PyDESeq2
Overview
PyDESeq2 is a Python implementation of DESeq2 for differential expression analysis with bulk RNA-seq data. Design and execute complete workflows from data loading through result interpretation, including single-factor and multi-factor designs, Wald tests with multiple testing correction, optional apeGLM shrinkage, and integration with pandas and AnnData.
When to Use This Skill
This skill should be used when:
- Analyzing bulk RNA-seq count data for differential expression
- Comparing gene expression between experimental conditions (e.g., treated vs control)

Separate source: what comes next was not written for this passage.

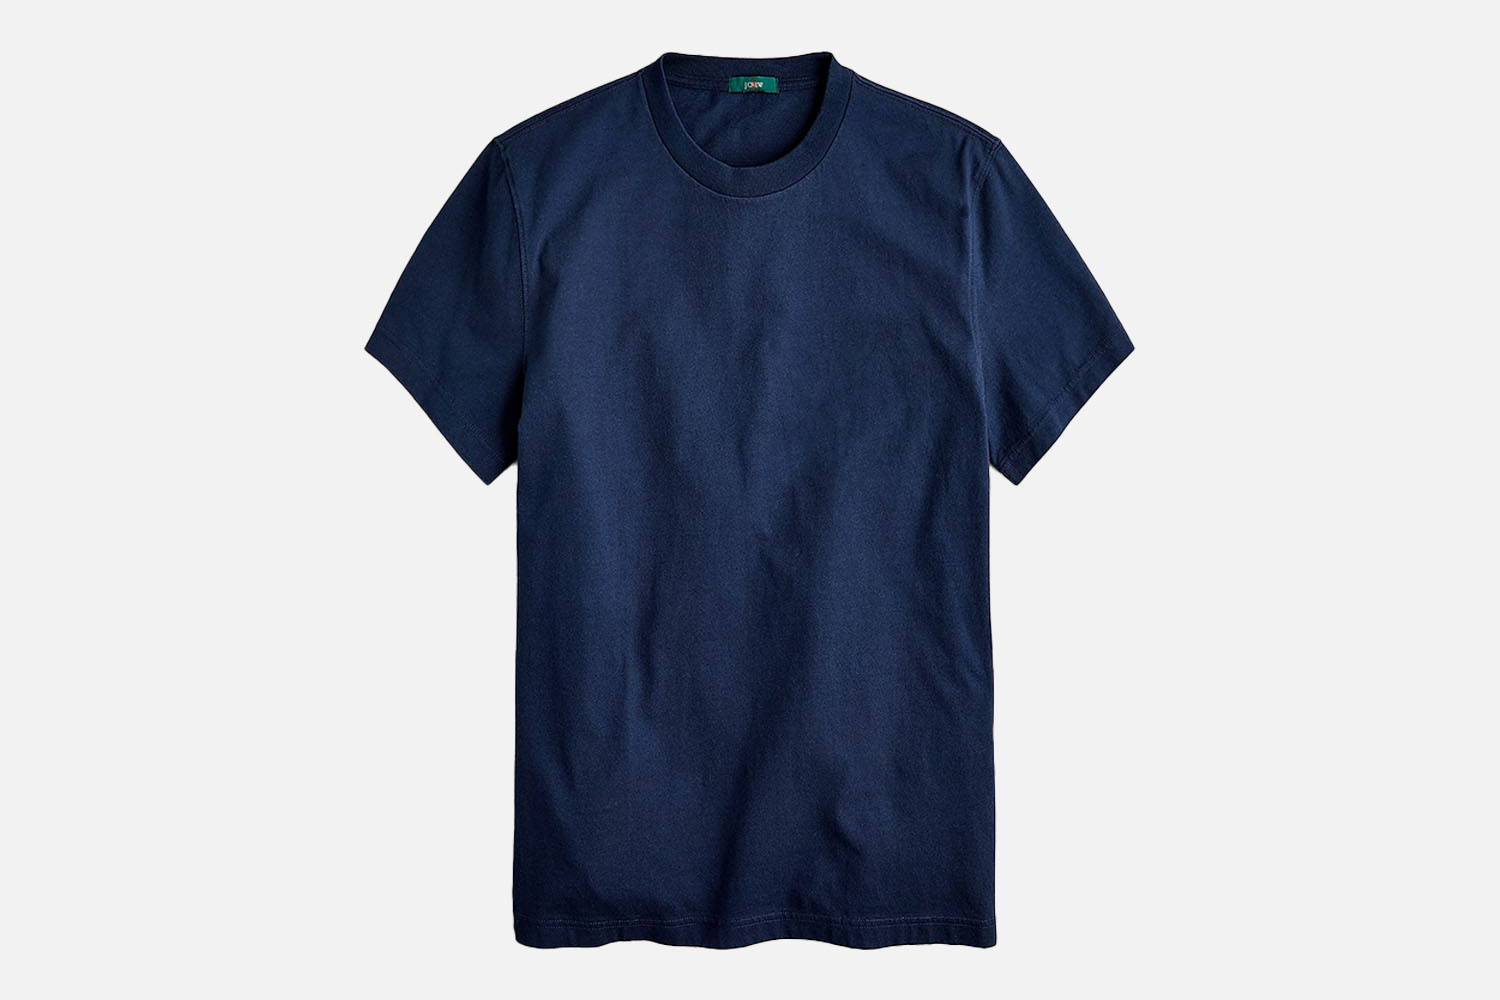 Alter Frame Champion 8 T shirt for Men Color Blue

- Performing multi-factor designs accounting for batch effects or covariates
- Converting R-based DESeq2 workflows to Python
- Integrating differential expression analysis into Python-based pipelines
- Users mention "DESeq2", "differential expression", "RNA-seq analysis", or "PyDESeq2"
Quick Start Workflow
For users who want to perform a standard differential expression analysis:
import pandas as pd
from pydeseq2.dds import DeseqDataSet
from pydeseq2.ds import DeseqStats
# 1. Load data
counts_df = pd.read_csv("counts.csv", index_col=0).T # Transpose to samples × genes
metadata = pd.read_csv("metadata.csv", index_col=0)
# 2. Filter low-count genes
genes_to_keep = counts_df.columns[counts_df.sum(axis=0) >= 10]
counts_df = counts_df[genes_to_keep]
# 3. Initialize and fit DESeq2
dds = DeseqDataSet(
counts=counts_df,
metadata=metadata,
design="~condition",
refit_cooks=True
)
dds.deseq2()
# 4. Perform statistical testing
ds = DeseqStats(dds, contrast=["condition", "treated", "control"])
ds.summary()
# 5. Access results
results = ds.results_df
significant = results[results.padj < 0.05]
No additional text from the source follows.